I started reading William Rankin’s latest book on “After the Map: Cartography, Navigation, and Transformation of Territory in the Twentieth Century” to see if I could get another perspective on this question.

I can do no better than to quote what he has to say (footnotes in parentheses and then reproduced at the end):

“In most contexts — for specialists and nonspecialists alike — the obvious way to evaluate changes in geographic knowledge is in terms of accuracy, and it is usually fair to assume that more accurate knowledge translates into a better user experience and more political power (1). My approach however is different. Rather than focusing on the relentless rise in precision or ever more impressive feats of measurement and targeting, I am more interested in changes in the kind of knowledge produced. The term I use is geo-epistemology; what matters to me is not just what is known about the earth, but how it is known — and how it is used. Geo-epistemology is the difference between knowing your neighborhood through detailed stories, a pictorial guidebook, a map, aerial photographs, the coordinates of a GPS receiver, or through simply walking around. It is about trustworthy knowledge (how can I know my world really is what it is?) and it is also about our everyday existence in space (how do I understand my surroundings, my mobility, my relationship to others?). Above all it is about importance — and unavoidability — of tools: the goggles of geo-epistemology come in many styles, but they can never be removed. And although for most purposes GPS does indeed offer much more precision than a map, it also constructs a radically different relationship between user, landscape, and authority.”

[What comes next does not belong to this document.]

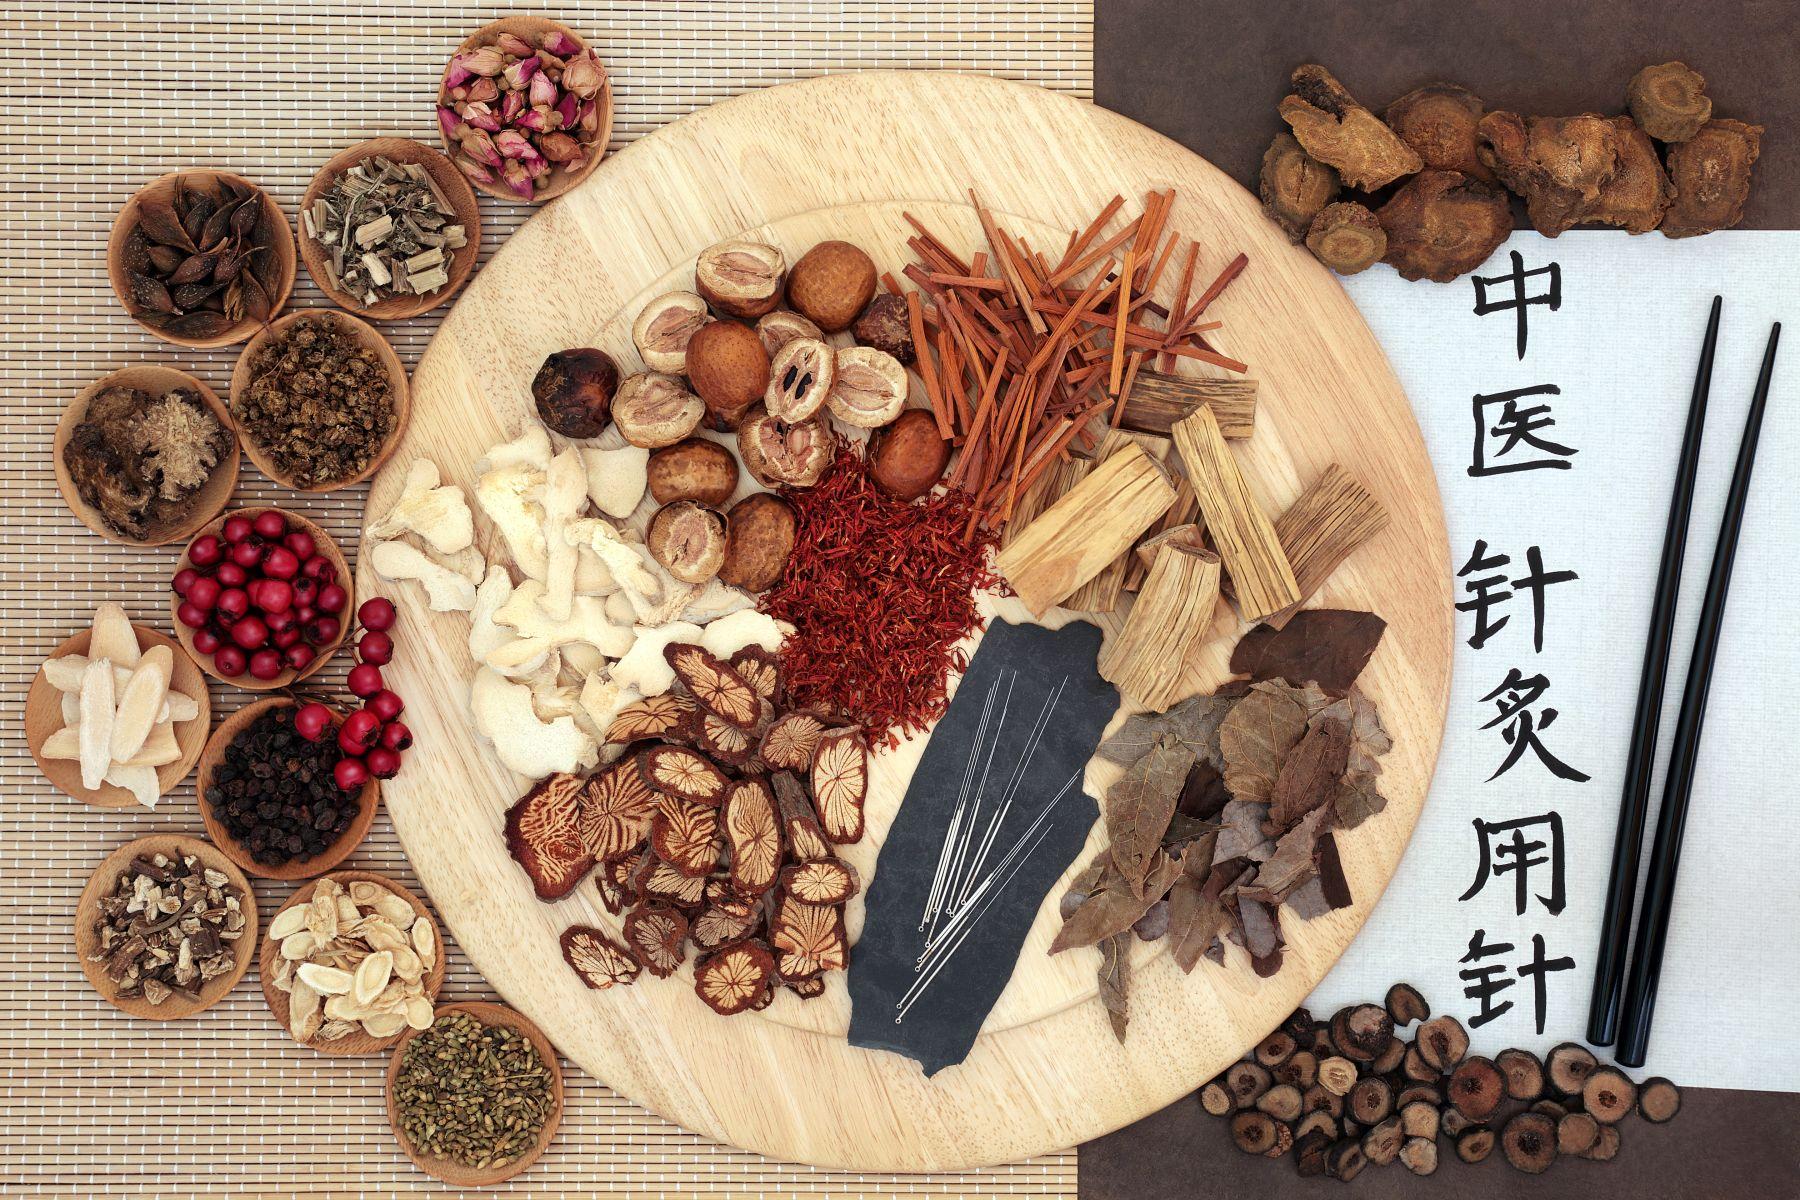 2大體質易釀皮膚乾、癢、紅 中醫師推薦中藥材、深色食物養血潤膚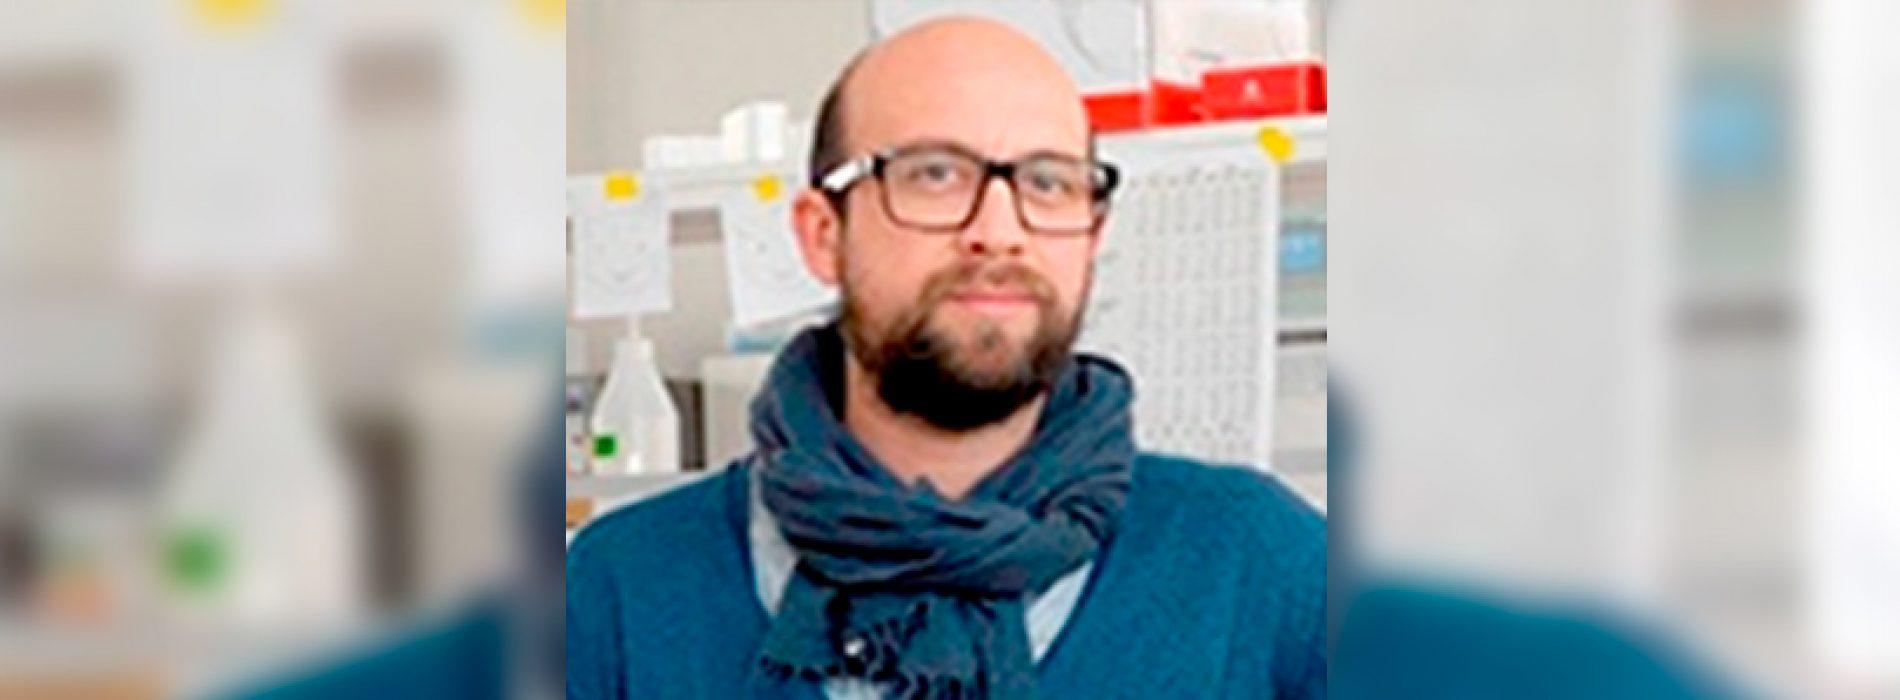 Ricardo Soto-Riffo, coordinador de sesión y charlista confirmado a XLI Reunión Anual de la Sociedad de Bioquímica y Biología Molecular de Chile, 25 al 28 de septiembre 2018, Iquique, Chile

The ultimate test is not in the map itself, but rather in its application

“The comparison is again both experiential and political. Maps operate through representation. They create a miniature version of the world and give us a detached view from above, with the messy complexities of reality simplified and reduced to a legible system of lines and colors. Think of the maps in war rooms or on negotiating tables, where knowledge of a distant land is centralized and assembled for the sake of large-scale strategy or the carving up of continents. The power of these maps lies in the ability to act as a stand-in for the original landscape, so that decisions can be made from afar and any new lines drawn with the diplomat’s pen can be scaled up and projected back into the world (2). This is no small feat, and early twentieth-century surveyors and cartographers saw the task of representation as nothing less than a problem of scientific truth. Making a “truthful map” meant establishing rigorous rules that would govern the correspondence between the map and the world, and the virtues of objectivity, neutrality, and comprehensiveness were seen as the foundation of trustworthy cartography (3). Taken to an extreme, this faith in re representation is what transforms maps (in the plural) into the map — a singular, universal record of geographic fact that includes everything worthy of attention, and nothing more. Armed with such a map, it is no longer even necessary to leave your desk: the world has come to you.”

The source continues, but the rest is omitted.